Reasons to Invest in ITOT Now

ITOT ETF Forecast

1. Simplified Diversification

By blending large, mid-, small, and micro-cap stocks across growth and value styles, ITOT effectively reduces single-stock and sector risk. It enables investors to gain full market exposure without needing a complex portfolio of individual holdings.


2. Cost and Tax Advantages

Low fees mean more return stays with the investor. Moreover, ITOT's tax structure limits distributions are crucial for those in taxable accounts trying to avoid surprise tax events.


3. Suitable for Core Allocation

ITOT embodies the idea of "owning the market." It's especially suitable for investors who want passive exposure to U.S. equities and who don't want to spend time choosing individual stocks or sectors.


"How to Use ITOT" Scenarios

1) Core-and-Satellite Approach

Combine ITOT with an international equity ETF (e.g., IXUS or VEU) and a bond fund or ETF (e.g., BND or AGG) to build a balanced portfolio. Use ITOT as your core U.S. equity position.


2) Retirement Accounts

It is suitable for IRAs or 401(k)s due to long-term growth and tax efficiency. Investors can rebalance annually or semi-annually by adjusting their weightings.


3) Taxable Accounts

Since capital gains from fund-level transactions are limited, the investor retains control over capital gains, making ITOT a strong tax advantage in ETFs compared to mutual funds.


Risk Factors to Monitor

Despite numerous advantages, ITOT still has risks. Small-cap exposure can result in outsized drawdowns during market storms. Additionally, global geopolitical and trade tensions may indirectly influence U.S.-oriented ETFs such as ITOT.

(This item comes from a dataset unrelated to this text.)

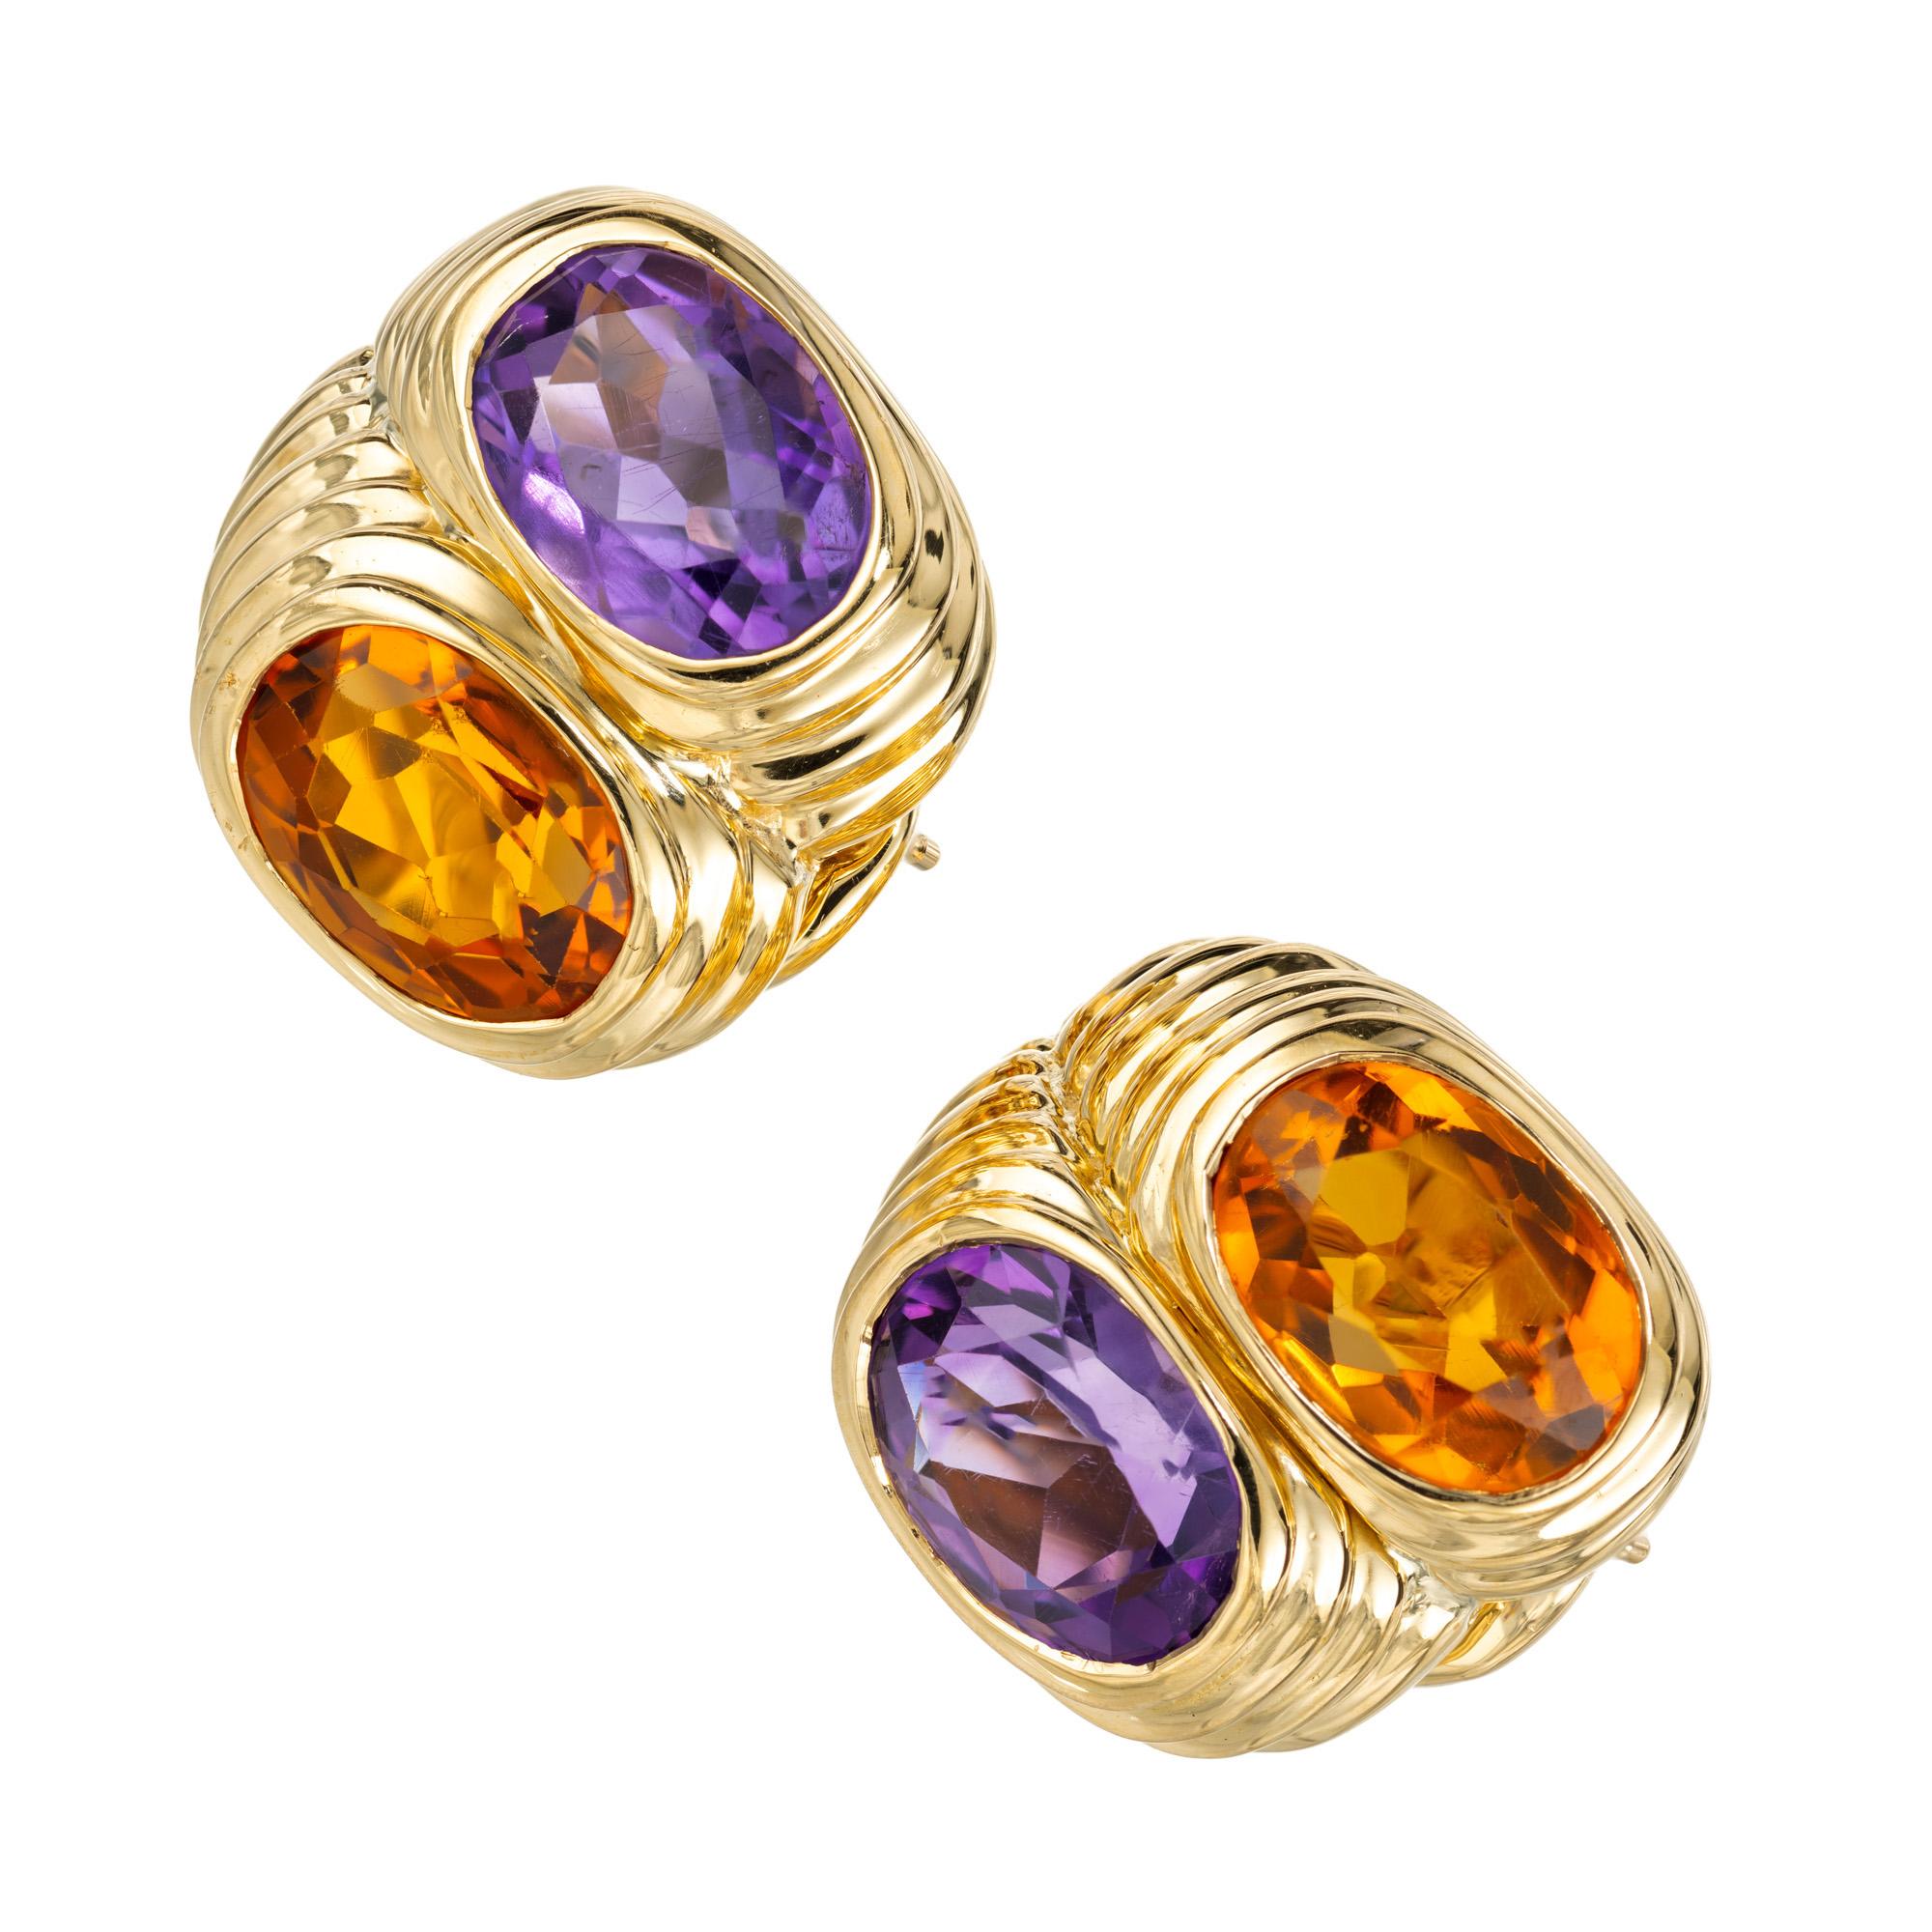 1960's Mid Century Amethyst and Citrine lever back earrings. Each 18k yellow gold setting is adorned with 2 oval purple amethysts totaling 3.25 and accompanied with 2 oval yellow and orange citrines also totaling 3.25cts. These earrings have secure

Tracking error remains low, but minor performance gaps can appear during volatile periods. Canadian investors should also consider U.S. tax treaties and any dividend withholding consequences.


Conclusion


In conclusion, ITOT is a strong idea at a time when convenience, cost, and choice are crucial. Its comprehensive U.S. exposure, rock-bottom expense ratio, and tax benefits make it ideal for investors of all types, from DIY beginners to seasoned advisors building portfolios.


If your objective is to acquire a substantial portion of the U.S. stock market with minimal effort and predictable results, ITOT is a standout option. However, remember to complement it with international and fixed-income ETFs to complete your diversified strategy.


Disclaimer: This material is for general information purposes only and is not intended as (and should not be considered to be) financial, investment or other advice on which reliance should be placed. No opinion given in the material constitutes a recommendation by EBC or the author that any particular investment, security, transaction or investment strategy is suitable for any specific person.